[REQUIRED ACTION] All lines containing the string "красивые" must be copied from the entries.

Records from a data collection:
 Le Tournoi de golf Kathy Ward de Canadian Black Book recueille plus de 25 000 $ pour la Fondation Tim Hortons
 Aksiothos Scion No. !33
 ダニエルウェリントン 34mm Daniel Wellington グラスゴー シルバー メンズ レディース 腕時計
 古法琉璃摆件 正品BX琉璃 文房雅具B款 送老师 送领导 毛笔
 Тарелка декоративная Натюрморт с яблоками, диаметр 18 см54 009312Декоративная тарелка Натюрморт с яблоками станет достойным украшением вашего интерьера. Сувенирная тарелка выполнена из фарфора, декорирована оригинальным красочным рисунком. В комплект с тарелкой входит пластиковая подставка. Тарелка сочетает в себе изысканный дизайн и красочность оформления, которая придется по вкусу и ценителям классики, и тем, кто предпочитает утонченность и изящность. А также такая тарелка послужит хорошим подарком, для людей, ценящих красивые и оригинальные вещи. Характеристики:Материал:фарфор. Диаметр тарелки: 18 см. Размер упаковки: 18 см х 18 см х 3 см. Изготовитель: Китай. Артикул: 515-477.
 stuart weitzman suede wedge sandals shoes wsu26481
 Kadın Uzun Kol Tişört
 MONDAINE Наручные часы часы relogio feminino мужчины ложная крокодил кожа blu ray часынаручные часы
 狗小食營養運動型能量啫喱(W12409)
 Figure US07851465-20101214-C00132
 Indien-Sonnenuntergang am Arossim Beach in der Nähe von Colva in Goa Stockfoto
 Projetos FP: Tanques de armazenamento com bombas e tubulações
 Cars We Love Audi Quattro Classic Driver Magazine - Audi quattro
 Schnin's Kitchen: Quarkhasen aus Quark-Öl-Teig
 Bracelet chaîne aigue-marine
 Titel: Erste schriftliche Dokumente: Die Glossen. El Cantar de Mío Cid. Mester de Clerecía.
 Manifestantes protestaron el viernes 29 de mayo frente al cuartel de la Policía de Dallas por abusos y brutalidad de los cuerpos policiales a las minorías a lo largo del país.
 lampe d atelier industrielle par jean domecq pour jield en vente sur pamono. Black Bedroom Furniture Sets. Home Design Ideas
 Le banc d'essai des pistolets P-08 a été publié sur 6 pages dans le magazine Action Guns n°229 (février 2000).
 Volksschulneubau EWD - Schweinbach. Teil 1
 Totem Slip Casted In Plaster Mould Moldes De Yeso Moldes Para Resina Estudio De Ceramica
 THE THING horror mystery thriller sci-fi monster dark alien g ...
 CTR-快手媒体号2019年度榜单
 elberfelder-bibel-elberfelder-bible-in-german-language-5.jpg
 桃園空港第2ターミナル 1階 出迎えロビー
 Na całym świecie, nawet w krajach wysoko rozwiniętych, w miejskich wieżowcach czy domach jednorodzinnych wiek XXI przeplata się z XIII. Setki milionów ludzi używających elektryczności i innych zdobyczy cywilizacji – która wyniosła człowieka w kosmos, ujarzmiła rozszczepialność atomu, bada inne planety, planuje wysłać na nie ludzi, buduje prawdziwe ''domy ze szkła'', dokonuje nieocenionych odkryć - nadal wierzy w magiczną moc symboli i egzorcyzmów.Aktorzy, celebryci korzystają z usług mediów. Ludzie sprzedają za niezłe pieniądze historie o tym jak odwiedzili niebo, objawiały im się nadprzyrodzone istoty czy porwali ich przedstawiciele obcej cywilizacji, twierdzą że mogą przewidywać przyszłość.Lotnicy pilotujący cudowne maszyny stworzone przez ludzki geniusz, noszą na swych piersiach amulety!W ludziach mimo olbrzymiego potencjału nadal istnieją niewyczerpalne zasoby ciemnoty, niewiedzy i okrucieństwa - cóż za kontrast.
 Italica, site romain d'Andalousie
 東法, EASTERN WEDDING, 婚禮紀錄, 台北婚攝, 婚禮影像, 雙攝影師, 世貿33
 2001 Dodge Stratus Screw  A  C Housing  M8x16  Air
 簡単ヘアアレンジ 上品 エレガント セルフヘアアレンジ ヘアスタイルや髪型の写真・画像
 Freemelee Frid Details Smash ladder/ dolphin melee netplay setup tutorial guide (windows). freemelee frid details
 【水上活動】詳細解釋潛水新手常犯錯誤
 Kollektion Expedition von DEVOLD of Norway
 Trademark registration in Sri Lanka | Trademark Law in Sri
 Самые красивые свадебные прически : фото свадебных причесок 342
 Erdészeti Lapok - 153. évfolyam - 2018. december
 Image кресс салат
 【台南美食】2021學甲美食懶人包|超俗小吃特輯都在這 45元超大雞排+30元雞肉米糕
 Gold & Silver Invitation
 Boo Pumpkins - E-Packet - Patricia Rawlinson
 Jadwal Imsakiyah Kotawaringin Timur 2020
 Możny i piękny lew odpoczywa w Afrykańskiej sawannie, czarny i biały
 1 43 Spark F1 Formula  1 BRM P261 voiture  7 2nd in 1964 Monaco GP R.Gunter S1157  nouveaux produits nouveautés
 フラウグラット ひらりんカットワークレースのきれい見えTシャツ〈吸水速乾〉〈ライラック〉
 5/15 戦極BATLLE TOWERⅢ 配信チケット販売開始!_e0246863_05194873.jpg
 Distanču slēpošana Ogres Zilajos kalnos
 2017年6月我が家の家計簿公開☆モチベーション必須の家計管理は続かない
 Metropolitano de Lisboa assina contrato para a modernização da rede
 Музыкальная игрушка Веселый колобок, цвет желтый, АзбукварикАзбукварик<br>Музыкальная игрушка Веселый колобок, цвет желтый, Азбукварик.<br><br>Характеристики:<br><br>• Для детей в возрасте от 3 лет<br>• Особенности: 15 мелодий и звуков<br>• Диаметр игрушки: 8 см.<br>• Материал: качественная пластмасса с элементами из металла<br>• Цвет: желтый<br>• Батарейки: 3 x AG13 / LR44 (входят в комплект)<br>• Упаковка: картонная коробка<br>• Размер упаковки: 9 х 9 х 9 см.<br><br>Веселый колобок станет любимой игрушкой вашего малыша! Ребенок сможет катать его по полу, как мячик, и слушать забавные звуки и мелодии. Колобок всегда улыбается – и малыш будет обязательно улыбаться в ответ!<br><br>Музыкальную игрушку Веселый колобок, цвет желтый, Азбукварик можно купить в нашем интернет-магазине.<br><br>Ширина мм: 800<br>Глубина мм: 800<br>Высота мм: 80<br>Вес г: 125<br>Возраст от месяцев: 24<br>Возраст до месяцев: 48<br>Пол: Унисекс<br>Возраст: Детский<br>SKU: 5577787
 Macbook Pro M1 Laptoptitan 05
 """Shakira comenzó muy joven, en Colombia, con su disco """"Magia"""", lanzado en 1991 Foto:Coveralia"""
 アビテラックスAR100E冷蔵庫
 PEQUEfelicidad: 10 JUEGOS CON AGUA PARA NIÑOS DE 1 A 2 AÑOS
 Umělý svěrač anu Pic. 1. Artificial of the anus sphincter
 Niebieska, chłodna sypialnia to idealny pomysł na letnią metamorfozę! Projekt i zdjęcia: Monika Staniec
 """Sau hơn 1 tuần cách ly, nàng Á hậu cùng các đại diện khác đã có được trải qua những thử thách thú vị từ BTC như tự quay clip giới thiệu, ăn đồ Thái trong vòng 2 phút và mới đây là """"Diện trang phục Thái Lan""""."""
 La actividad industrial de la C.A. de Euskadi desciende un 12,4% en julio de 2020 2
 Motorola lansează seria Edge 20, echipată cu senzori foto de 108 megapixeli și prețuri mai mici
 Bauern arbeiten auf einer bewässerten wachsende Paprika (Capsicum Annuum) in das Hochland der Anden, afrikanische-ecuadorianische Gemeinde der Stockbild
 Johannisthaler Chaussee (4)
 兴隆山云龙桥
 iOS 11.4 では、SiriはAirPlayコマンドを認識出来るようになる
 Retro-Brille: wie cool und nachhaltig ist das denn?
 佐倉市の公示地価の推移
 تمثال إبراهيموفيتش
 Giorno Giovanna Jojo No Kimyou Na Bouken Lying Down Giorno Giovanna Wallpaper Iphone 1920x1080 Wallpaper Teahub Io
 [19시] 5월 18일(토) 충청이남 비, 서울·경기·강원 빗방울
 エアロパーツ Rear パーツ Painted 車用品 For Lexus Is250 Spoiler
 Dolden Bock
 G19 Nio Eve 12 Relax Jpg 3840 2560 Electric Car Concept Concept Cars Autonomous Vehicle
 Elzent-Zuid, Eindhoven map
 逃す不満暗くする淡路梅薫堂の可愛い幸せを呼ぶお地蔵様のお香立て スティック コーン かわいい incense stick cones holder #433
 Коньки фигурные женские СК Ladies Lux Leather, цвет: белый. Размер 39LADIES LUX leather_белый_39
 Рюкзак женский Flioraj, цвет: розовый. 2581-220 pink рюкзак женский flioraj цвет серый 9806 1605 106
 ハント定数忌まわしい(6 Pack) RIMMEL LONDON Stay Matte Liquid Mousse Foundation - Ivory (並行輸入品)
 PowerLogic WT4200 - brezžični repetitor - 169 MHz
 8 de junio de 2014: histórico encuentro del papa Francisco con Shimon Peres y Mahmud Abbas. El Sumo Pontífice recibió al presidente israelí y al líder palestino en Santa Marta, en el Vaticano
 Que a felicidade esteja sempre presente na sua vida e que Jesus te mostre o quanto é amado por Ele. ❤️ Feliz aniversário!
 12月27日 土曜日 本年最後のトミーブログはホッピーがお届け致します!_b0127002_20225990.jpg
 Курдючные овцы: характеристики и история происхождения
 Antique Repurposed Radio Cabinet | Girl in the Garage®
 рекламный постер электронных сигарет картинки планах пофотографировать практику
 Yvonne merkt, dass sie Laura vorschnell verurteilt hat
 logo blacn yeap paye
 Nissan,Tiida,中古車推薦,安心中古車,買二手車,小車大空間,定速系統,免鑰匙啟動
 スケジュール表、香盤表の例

[OUTPUT BELOW]
 Тарелка декоративная Натюрморт с яблоками, диаметр 18 см54 009312Декоративная тарелка Натюрморт с яблоками станет достойным украшением вашего интерьера. Сувенирная тарелка выполнена из фарфора, декорирована оригинальным красочным рисунком. В комплект с тарелкой входит пластиковая подставка. Тарелка сочетает в себе изысканный дизайн и красочность оформления, которая придется по вкусу и ценителям классики, и тем, кто предпочитает утонченность и изящность. А также такая тарелка послужит хорошим подарком, для людей, ценящих красивые и оригинальные вещи. Характеристики:Материал:фарфор. Диаметр тарелки: 18 см. Размер упаковки: 18 см х 18 см х 3 см. Изготовитель: Китай. Артикул: 515-477.
 Самые красивые свадебные прически : фото свадебных причесок 342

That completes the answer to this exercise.